= Four-state area =

Area where the states of Arkansas, Kansas, Missouri, and Oklahoma almost touch

The four-state area or quad-state area, also known as Southwest Missouri, and Northwest Arkansas is where the states of Arkansas, Kansas, Missouri, and Oklahoma almost touch: Arkansas and Kansas share no boundary. The metropolitan areas of Tulsa, Oklahoma; Springfield, Missouri, Joplin, Missouri; and Fayetteville–Springdale–Rogers, Arkansas are in the region. Notable cities and towns in the area are Tulsa and Miami, Oklahoma; Pittsburg, Kansas; Joplin, Springfield, and Monett, Missouri; and Fayetteville, Springdale, Rogers, and Bentonville, Arkansas.

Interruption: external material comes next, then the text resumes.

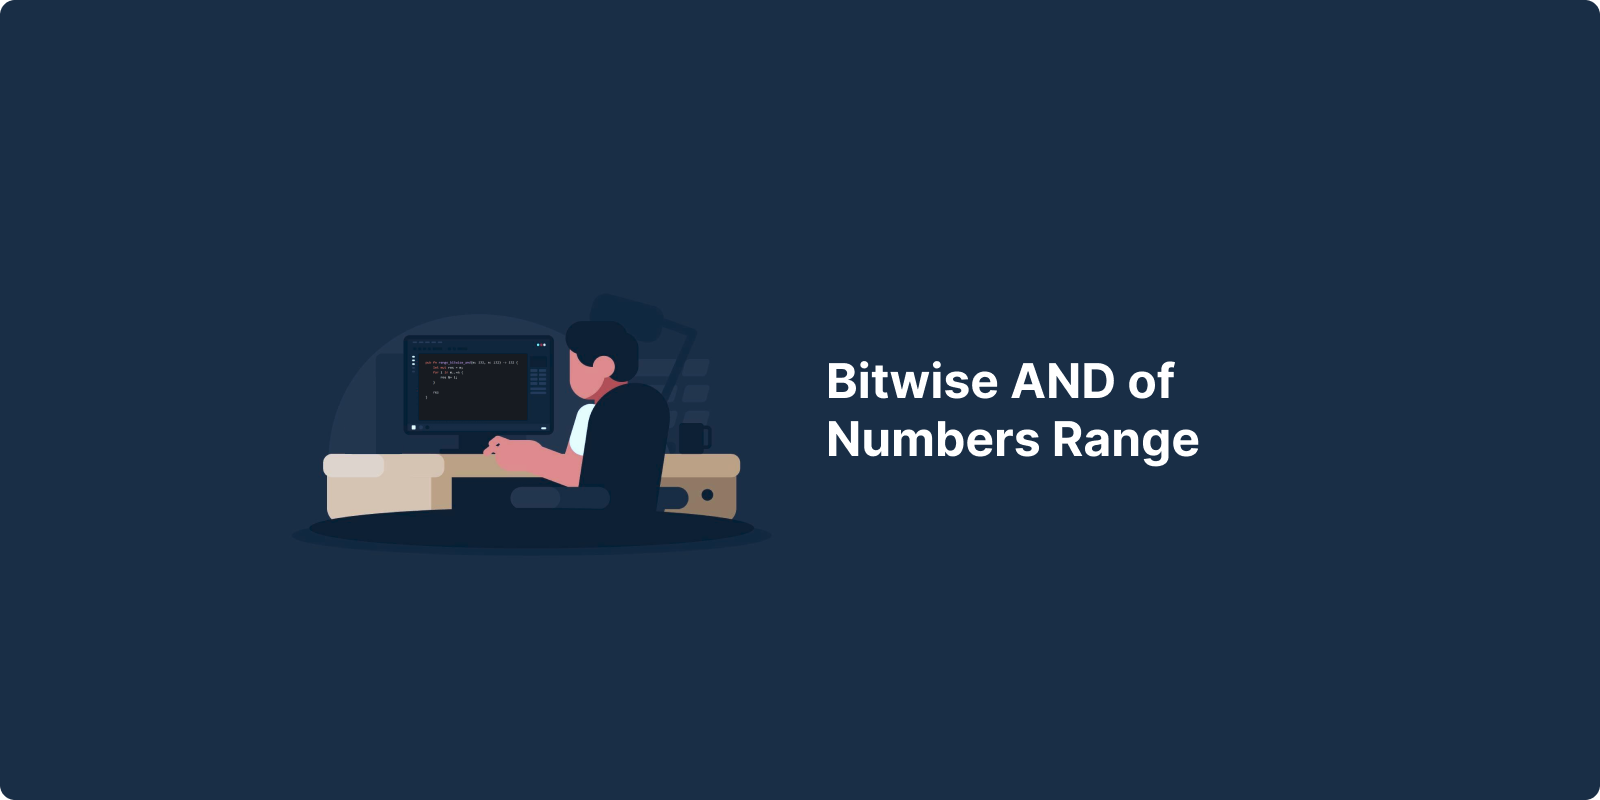 BITWISE AND OF NUMBERS RANGE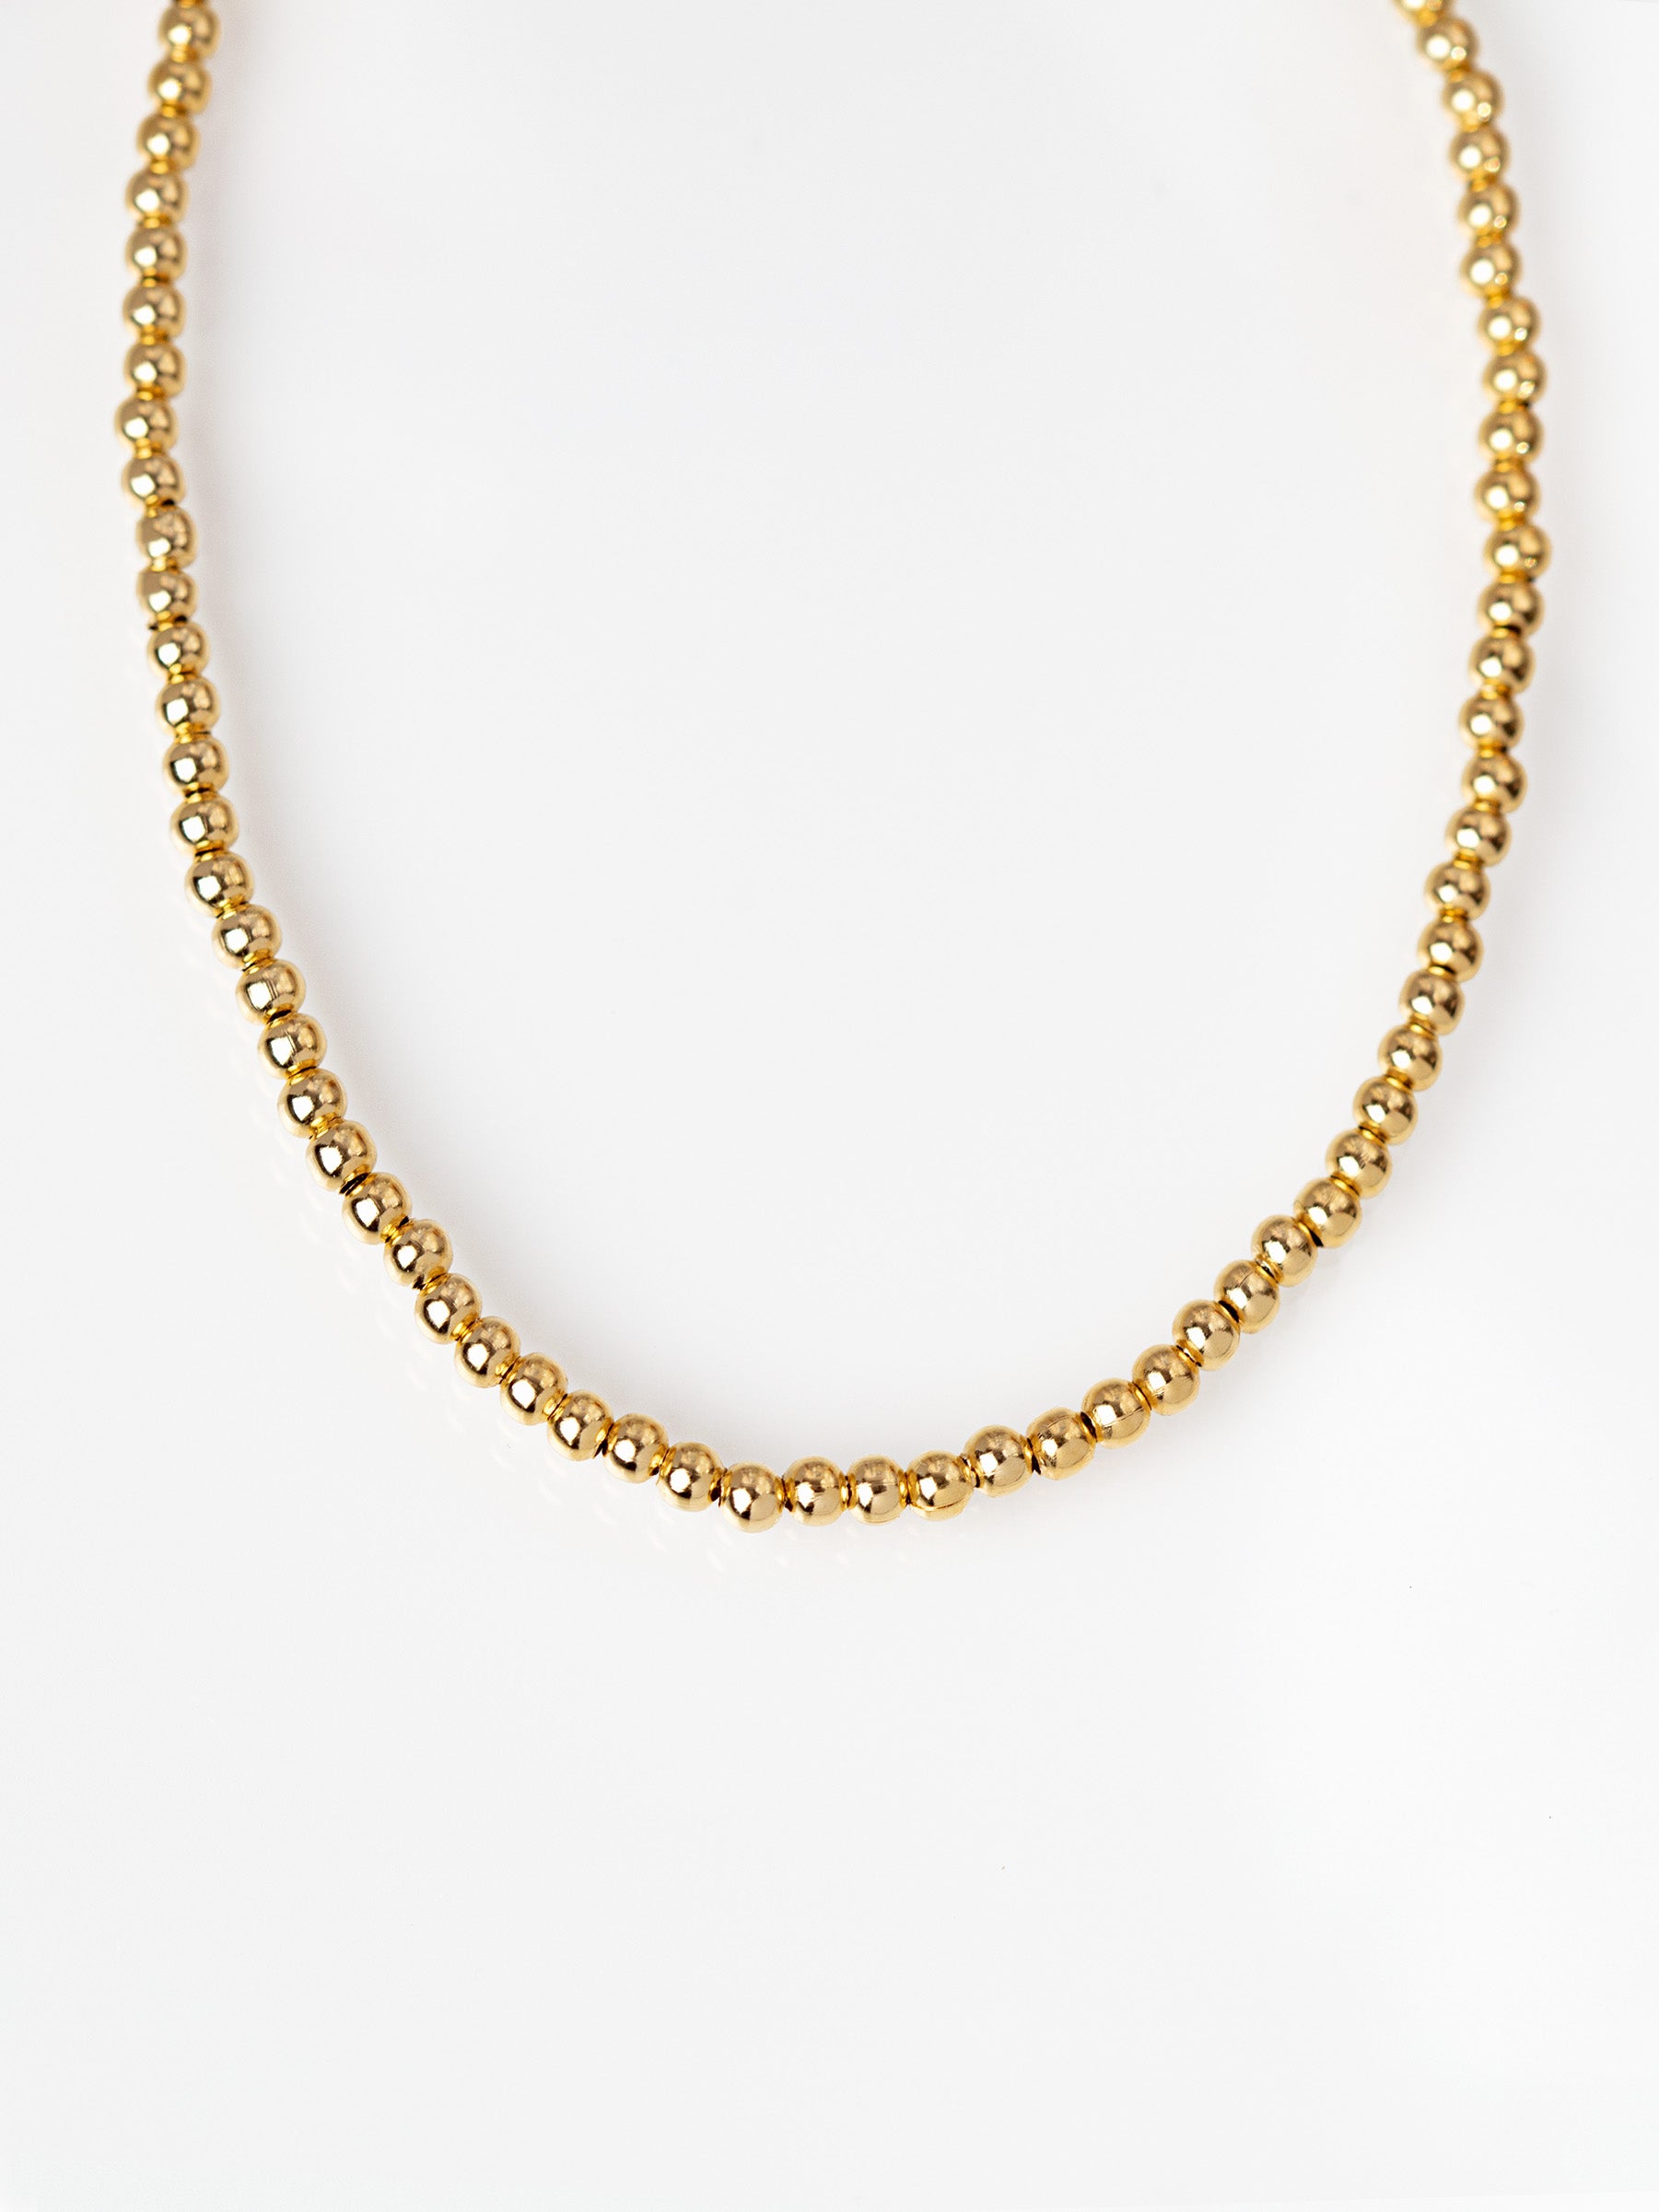 Gold Ball Choker or Necklace With Round Beads

The area is partially in the Ozarks. Oil and gas production and coal mining were and continue to be a large part of the region's industry. Today, a major driver of the region's economy is Walmart, the world's largest retail company, whose headquarters are in Bentonville. Also headquartered nearby in Northwest Arkansas are Tyson Foods, the world's largest processor of chicken, beef, and pork (Springdale); and major trucking and transportation company J. B. Hunt (Lowell). The major oil and energy companies ONEOK and Williams are located in Tulsa. The city of Joplin, Missouri is nearest to the center of the four-states area.

==Media==
Outside of Tulsa (the largest city in the four-states area by far), the area has two primary television markets. The Joplin–Pittsburg market covers the region’s counties in Missouri; Ottawa County, Oklahoma (the only county in northeastern Oklahoma that is not designated as part of the Tulsa market); and most of those in southeastern Kansas (excluding Chautauqua and Montgomery counties, which are also in the Tulsa DMA). It is served by KOAM-TV (channel 7, CBS; the station’s call letters stand for Kansas, Oklahoma, Arkansas, and Missouri), KFJX (channel 14, Fox/CW+), KSNF (channel 16, NBC), KODE-TV (channel 12, ABC), and KOZJ (channel 26, PBS; part of the two-station Ozarks Public Television regional member network).

The media market of Fayetteville and Fort Smith covers the counties that are in northwest Arkansas. Stations include KNWA-TV (channel 51, NBC), KHBS/KHOG
(40/29, ABC), KFSM (channel 5,
CBS), and KAFT, one of the stations of the Arkansas PBS member network. The majority of the households in the market are served by stations in the Tulsa, Oklahoma metropolitan area, including KOTV (CBS), KTUL (ABC), KJRH-TV (NBC), and KOKI-TV (Fox).

==Education==
There are several universities in the four states. Missouri State University, Ozarks Technical Community College, Drury, and Evangel are all located in Springfield, Missouri. Missouri Southern State University is located in Joplin. Pittsburg State University is located in Pittsburg. Coffeyville Community College is located in Coffeyville. Northeastern Oklahoma A&M College is located in Miami. The University of Tulsa and Oral Roberts University are located in Tulsa. The University of Arkansas is located in Fayetteville and John Brown University is located in Siloam Springs, Arkansas.

==Naming==
Industries use the term to describe the region as a whole – businesses often name themselves Four State ______ to attempt to describe the area they wish to serve. Interstates 44, 49, 540 and US Highways 60, 62, 69, 71, 166, 169, 400, and 412 serve the area. The historic Route 66 also runs through the region.